Solt Illés, Tikk Domonkos, Gál Viktor, Kardkovács Zsolt T
Department of Media Informatics and Telematics, Budapest University of Technology and Economics, Budapest, Hungary.
J Am Med Inform Assoc. 2009 Jul-Aug;16(4):580-4. doi: 10.1197/jamia.M3087. Epub 2009 Apr 23.
OBJECTIVE Automated and disease-specific classification of textual clinical discharge summaries is of great importance in human life science, as it helps physicians to make medical studies by providing statistically relevant data for analysis. This can be further facilitated if, at the labeling of discharge summaries, semantic labels are also extracted from text, such as whether a given disease is present, absent, questionable in a patient, or is unmentioned in the document. The authors present a classification technique that successfully solves the semantic classification task. DESIGN The authors introduce a context-aware rule-based semantic classification technique for use on clinical discharge summaries. The classification is performed in subsequent steps. First, some misleading parts are removed from the text; then the text is partitioned into positive, negative, and uncertain context segments, then a sequence of binary classifiers is applied to assign the appropriate semantic labels.

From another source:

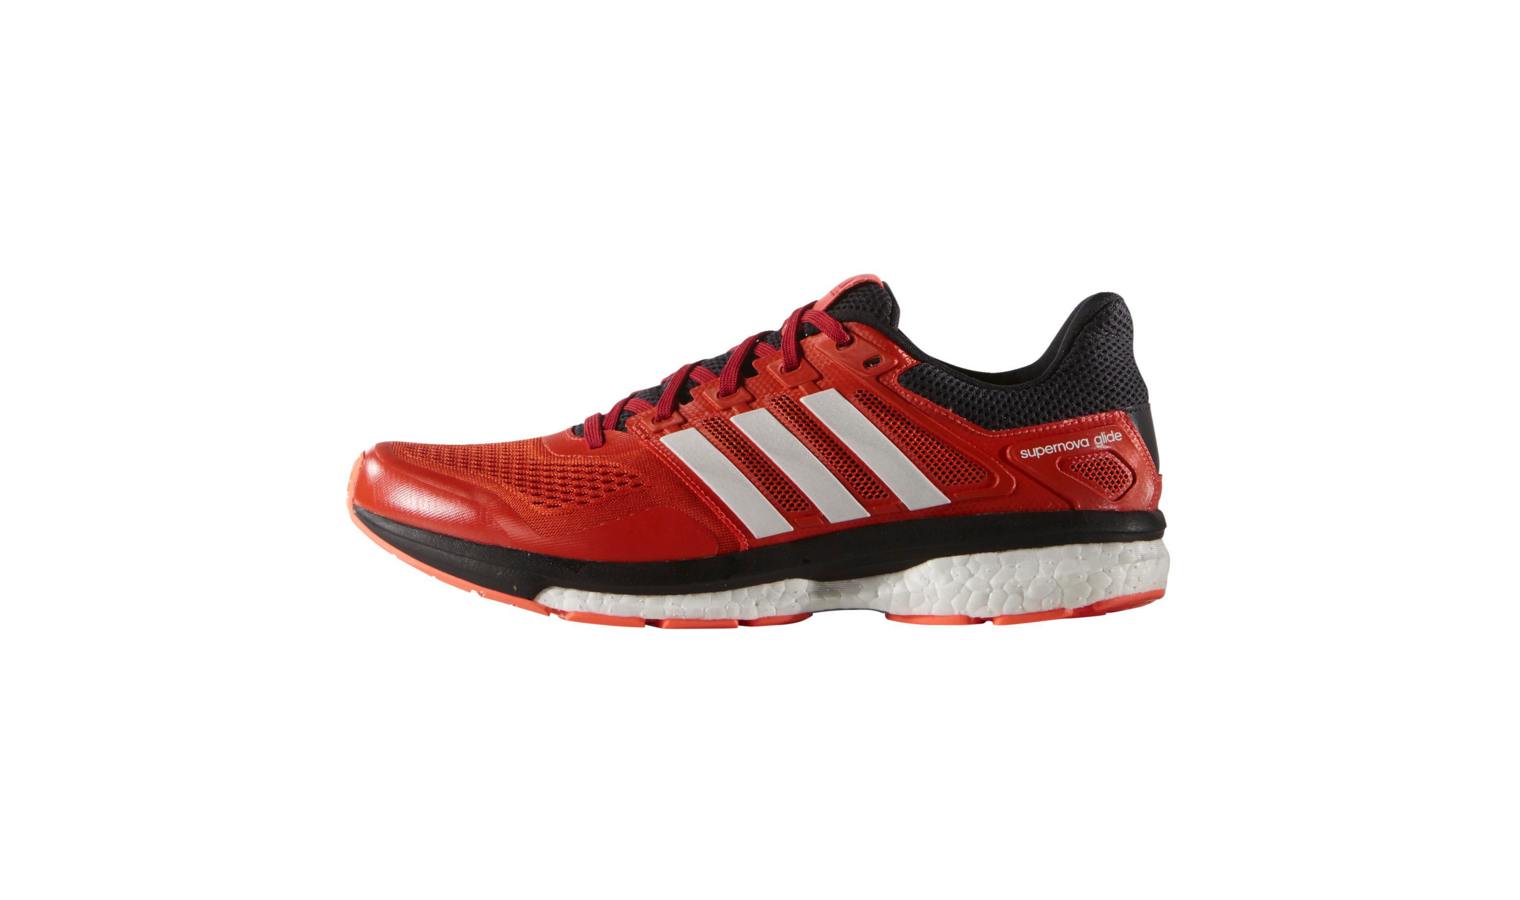 7fe7a23d5d4 Pánské běžecké boty adidas SUPERNOVA GLIDE 8 M červené

Measurement For evaluation the authors used the documents of the i2b2 Obesity Challenge and adopted its evaluation measures: F(1)-macro and F(1)-micro for measurements. RESULTS On the two subtasks of the Obesity Challenge (textual and intuitive classification) the system performed very well, and achieved a F(1)-macro = 0.80 for the textual and F(1)-macro = 0.67 for the intuitive tasks, and obtained second place at the textual and first place at the intuitive subtasks of the challenge. CONCLUSIONS The authors show in the paper that a simple rule-based classifier can tackle the semantic classification task more successfully than machine learning techniques, if the training data are limited and some semantic labels are very sparse.
目的 文本临床出院小结的自动且针对疾病的分类在人类生命科学中极为重要,因为它通过提供具有统计相关性的数据进行分析,帮助医生开展医学研究。如果在出院小结标注时,还能从文本中提取语义标签,比如患者是否患有某种特定疾病、未患、情况存疑或文档中未提及,这将进一步推动相关工作。作者提出了一种成功解决语义分类任务的分类技术。
设计 作者引入了一种基于上下文感知规则的语义分类技术,用于临床出院小结。分类分后续几个步骤进行。首先,从文本中去除一些误导性部分;然后将文本划分为正、负和不确定上下文片段,接着应用一系列二元分类器来分配适当的语义标签。
测量 为进行评估,作者使用了i2b2肥胖挑战的文档并采用其评估指标:用于测量的F(1)-宏和F(1)-微。
结果 在肥胖挑战的两个子任务(文本分类和直观分类)上,该系统表现出色,在文本分类任务中F(1)-宏 = 0.80,在直观任务中F(1)-宏 = 0.67,在挑战的文本子任务中获得第二名,在直观子任务中获得第一名。
结论 作者在论文中表明,如果训练数据有限且一些语义标签非常稀疏,那么一个简单的基于规则的分类器比机器学习技术能更成功地处理语义分类任务。